At 89,000 miles in diameter, this giant ball of mostly hydrogen is the largest planet in our solar system. If Jupiter were the size of a soccer ball, Earth would be about the diameter of a dime. Thus, Jupiter looks large in a small telescope, even at its current distance of 440 million miles.

What makes Jupiter so beautiful is its 600-mile thick layer of clouds. Underneath those clouds is a ball of mostly hydrogen and helium in liquid form. Thus, the common way of referring to Jupiter as a gas-giant planet is incorrect. Jupiter is a liquid giant. Calling it a “gas giant” because of its layer of gaseous atmosphere is akin to calling Earth a gas midget because of its thin layer of air.

The planet spins once every 9.9 hours on its axis, making it the fastest rotator in our solar system. A stationary object floating in the clouds at Jupiter’s equator would be traveling at about 28,000 miles per hour.

The planet’s rapid rotation stretches its clouds into enormous bands that span the entire disk of the planet. Jupiter’s stripes, which are parallel to its equator, are caused by an odd effect that is typical of such giant, fluid balls.

Jupiter’s rotation is not constant over its entire sphere. The rotation of Jupiter at its poles takes about 5 minutes longer than the rotation at the equator. The 9.9 hours is actually an average rotation for the entire planet. That effect is spread out over the entire planet. Essentially, what you are seeing when you see the bands are regions of varying rotation.

The banding effect is made even more pronounced by the heat generated by such a massive ball of liquid.

In fact, the shape and size of the cloud bands are constantly changing. Jupiter’s enormous gravity exerts tremendous pressure on its innards. The pressure at the core is 30 million times higher than we find on Earth. As a result, the interior of the planet is much hotter than the outer cloud layers — 55,000 degrees compared to 200 degrees below zero.

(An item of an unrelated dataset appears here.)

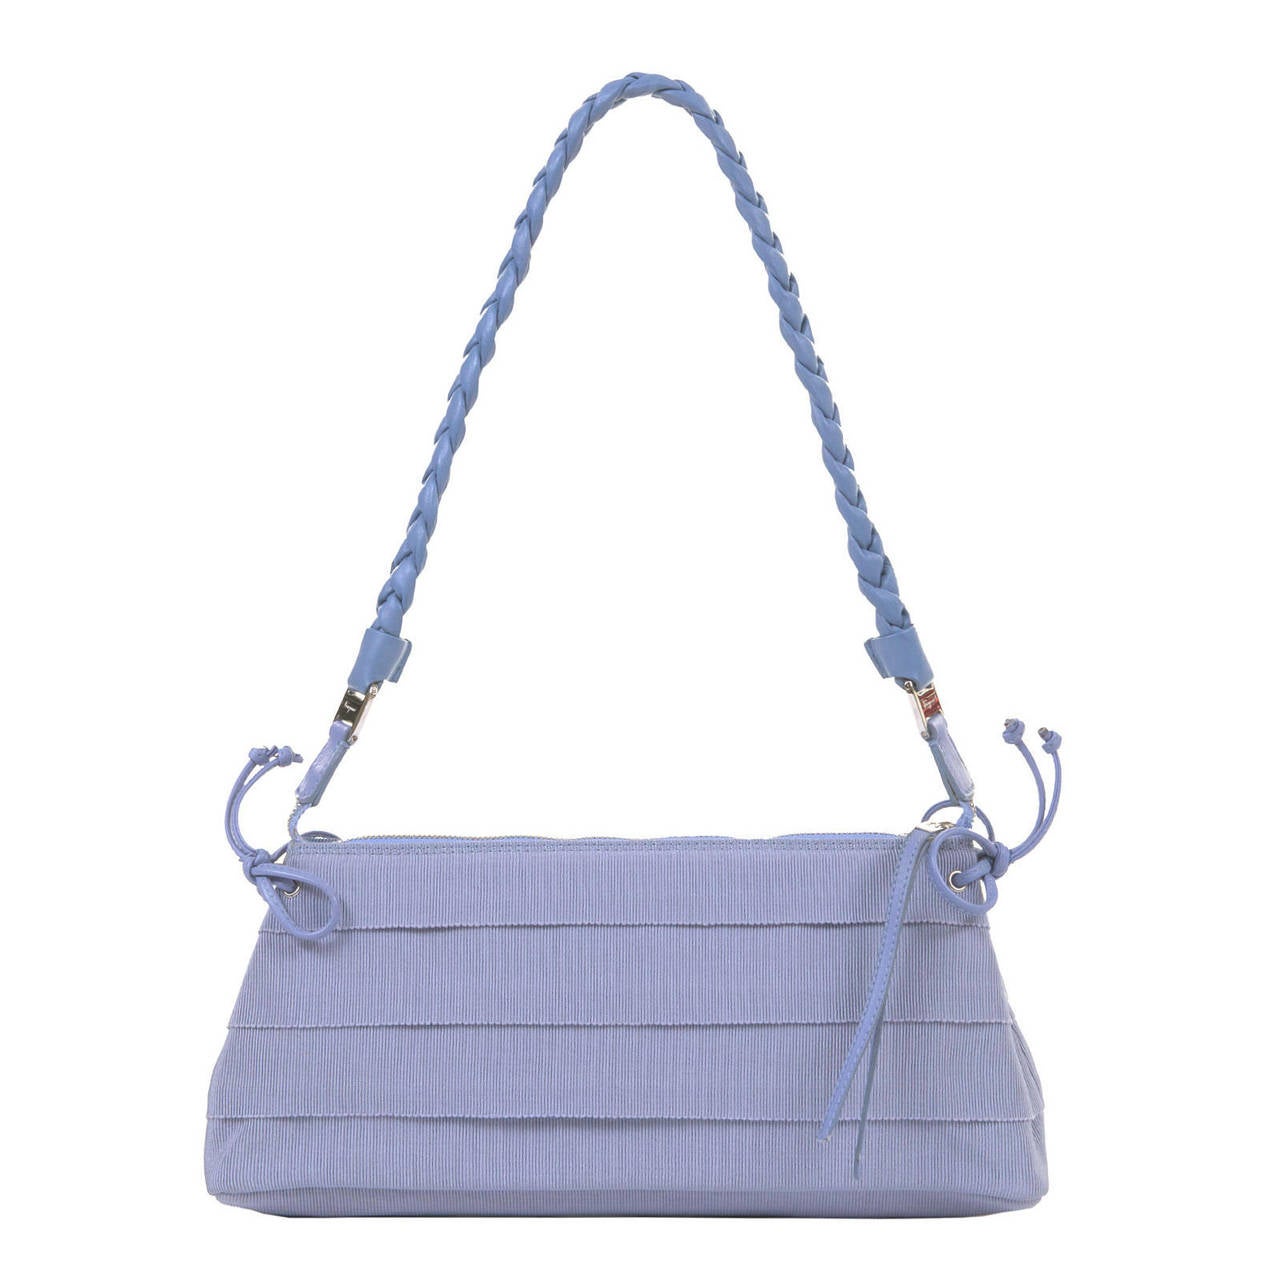 A Cute Ferragamo Clutch/Shoulder Bag in Lavender Toile & Matching Leather Trim For Sale
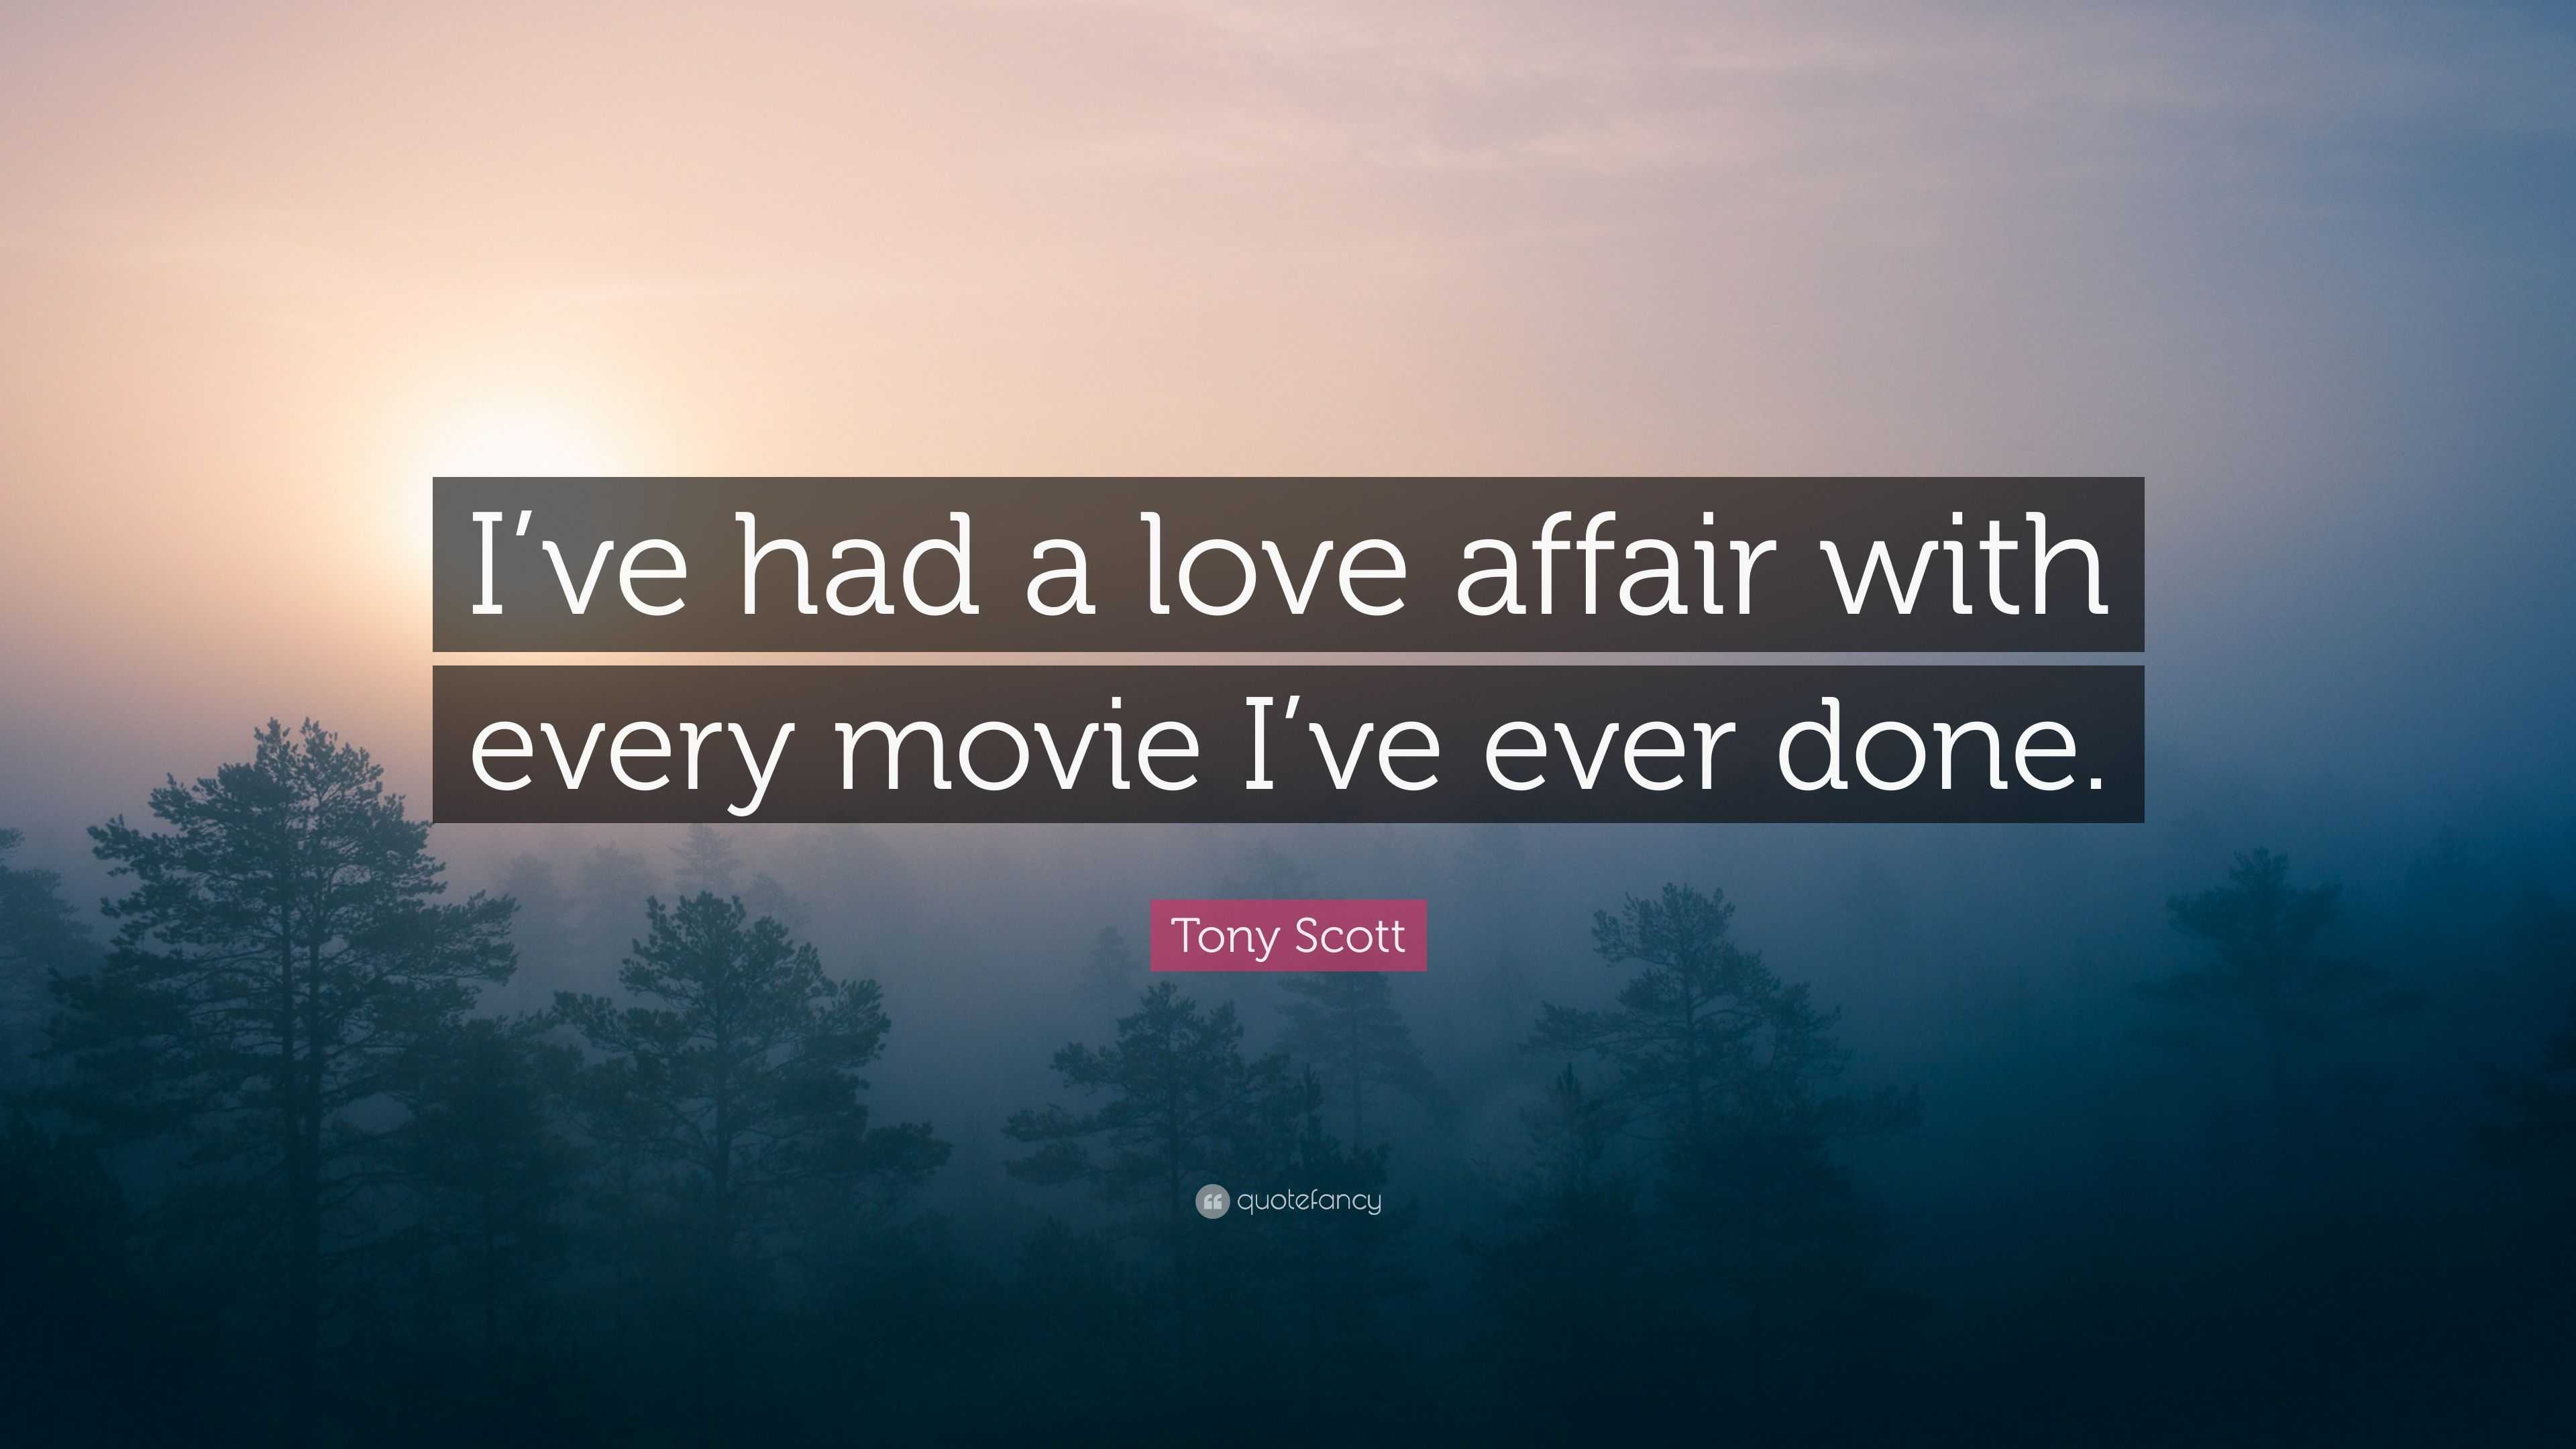 Tony Scott Quote “I ve had a love affair with every movie I

Jupiter actually generates more energy of its own than it gets from the sun.

Great heat waves bubble up from the core, twisting and turning the cloud belts. The bright bands of clouds, usually white or yellow and composed mostly of ammonia crystals, are the higher, colder clouds being driven up by the warm gases. The dark belts, usually red or brown, are lower clouds descending as they lose their heat.

Those bands seem to change from day to day, with swirls and undulations and little hook-shaped protuberances called festoons.

High in the upper cloud layers are storm systems, cyclones that dwarf those on Earth. In fact, these mostly white ovals can be as large as our planet. They can have winds of over 250 miles per hour and can last for a year or two. But they often appear and disappear from observing session to observing session.

The granddaddy of Jupiter’s storms is the Great Red Spot, a normally rust-colored oval 25,000 miles wide. It’s been around for at least 300 years – since the first telescopes were trained at the planet. Some astronomers estimate its age at 30,000 years or older. That’s one heck of a hurricane.

The spot changes color from red to a pale pink from year to year as the storm sucks up different colored elements from deeper in Jupiter’s atmosphere.

At high magnification, your scope may reveal the Spot’s complex structure – material swirling in and around the storm.

But you aren’t stuck just observing the planet. At low magnification, you’ll see Jupiter’s four brightest moons. They are wonderful to watch as they slowly change their positions, performing their cosmic dance around Jupiter.

If you’re really lucky, you might get a chance to see one of nature’s most spectacular events. When a moon passes in front of Jupiter, its dark shadow on the cloud tops looks like a tiny black hole boring into the face of the planet.

Jupiter will be visible for a couple of months more before it passes below the horizon, but now is the prime time to observe it.

Poetry at Perkins

On Saturday, June 3, at 8 p.m., Perkins Observatory will hold its annual “Poetry at Perkins celebration. The event, cosponsored by Full Crescent Press and the Ohio Poetry Association, will feature Central-Ohio poets reading their favorite astronomical poetry.

After the poetry, we’ll be observing the night sky with telescopes, including the observatory’s own Schottland Reflecting Telescope, weather permitting.

Tours of the observatory, including a ghost story, will also be available. Tickets are $10 in advance and can be obtained by calling 740-363-1257. Seating is limited, so advance tickets are recommended.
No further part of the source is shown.